Trillions of 2008-2010 bailout dollars did not lead to price inflation.  Does this mean the Government can keep “printing” and spending trillions more (all of it deficit spending) with no side effects, indefinitely?  Democrats—looking to the next election—think so.  They are wrong.  What does this mean for you and your family?  What does it mean for the GOP?
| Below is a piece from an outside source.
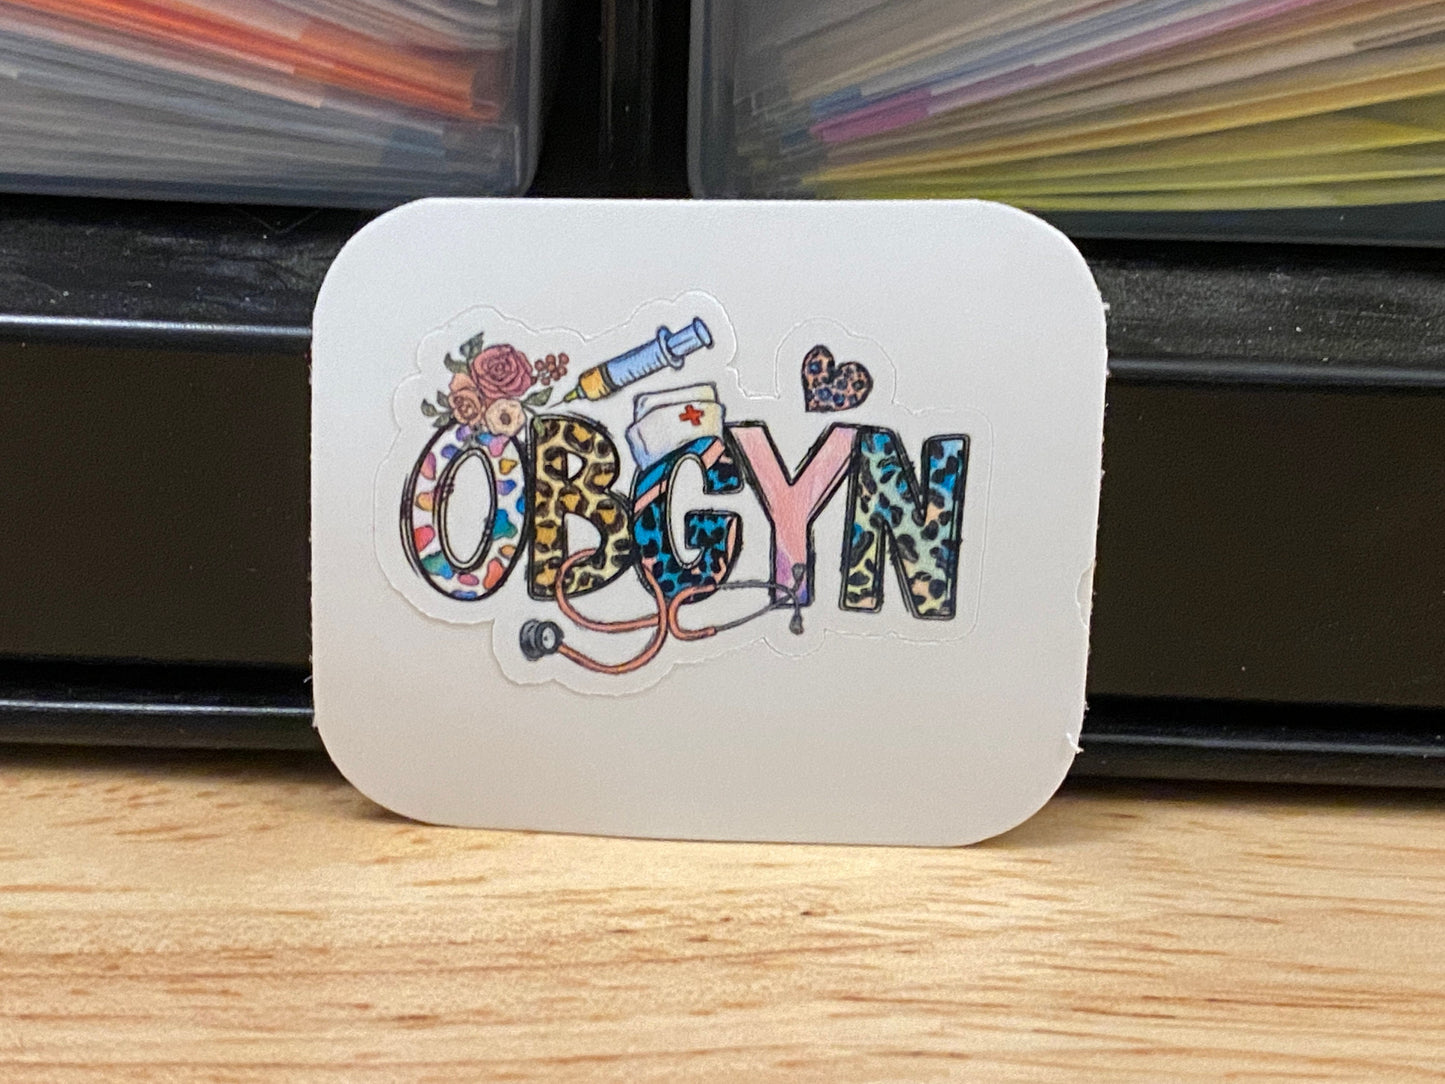 OBGYN Sticker, Obstetrics and Gynecology Sticker, Medical STICKER, Cute Medical Design Sticker, Doctor OB Sticker

  • Price inflation is often explained as “too much money chasing too few goods and services.”  What this describes is an imbalance in the supply of, and demand for, money.  
  • When there is more money in circulation than is necessary (demanded) to maintain the “real” (non-financial) economy—in other words, when money supply increases faster than goods and services available—the price of everything gets bid up, just like in a housing market under easy-credit conditions.  After all, the money has to “go” somewhere.  If consumers don’t rebel and stop spending, the price increases stick.
  • New money being “in circulation” is essential to broad-based price inflation.  If trillions of dollars are conjured up, but they go nowhere and merely sit with the banks, or bounce around between the Wall Street gambling dens, as in 2008-2016, price inflation outside of deeply finance-dependent assets (housing, stocks, commodities) is not possible.  For consumer prices to rise, new money must be made available to the “real” economy.
  • Price inflation is potentially more viscous and self-sustaining when there are already physical shortages in the economy, as in the USSR/Russia in 1990-1992.  Today, building trades contractors can hardly plan their schedules due to material shortages.  We hear about the extreme shortage in low-end labor in “blue” states, and how the global microchip shortage will affect everything from phones to cars to farm equipment through late 2022.  On a simpler note, it’s very hard to find Diet Sprite or diet ginger ale at 7-11 nowadays.  Surely, everyone has their own shortage story. 
  • Another difference between our 2008-2010 depression and today is that almost all the money conjured up lately is being circulated

It is being handed out as “stimmy checks”—at this point, paying low-end labor not to work—and all sorts of bailouts and write-offs for favored groups and interests.  (In fiscal year 2020 alone, Congressional emergency appropriations were about 1.5 times as big as the 2008 stimulus bill, the 2009 “Porculus” bill, and actual spending under the 2008 “TARP” bank bailout bill[1]combined.  The Federal Reserve funded all this by buying Treasury bonds, but has not bailed out the banks as in 2008-2014, when it created so much money that reserves on deposit with “the Fed” grew by $2 trillion, which went nowhere, simply collecting interest for the banks.)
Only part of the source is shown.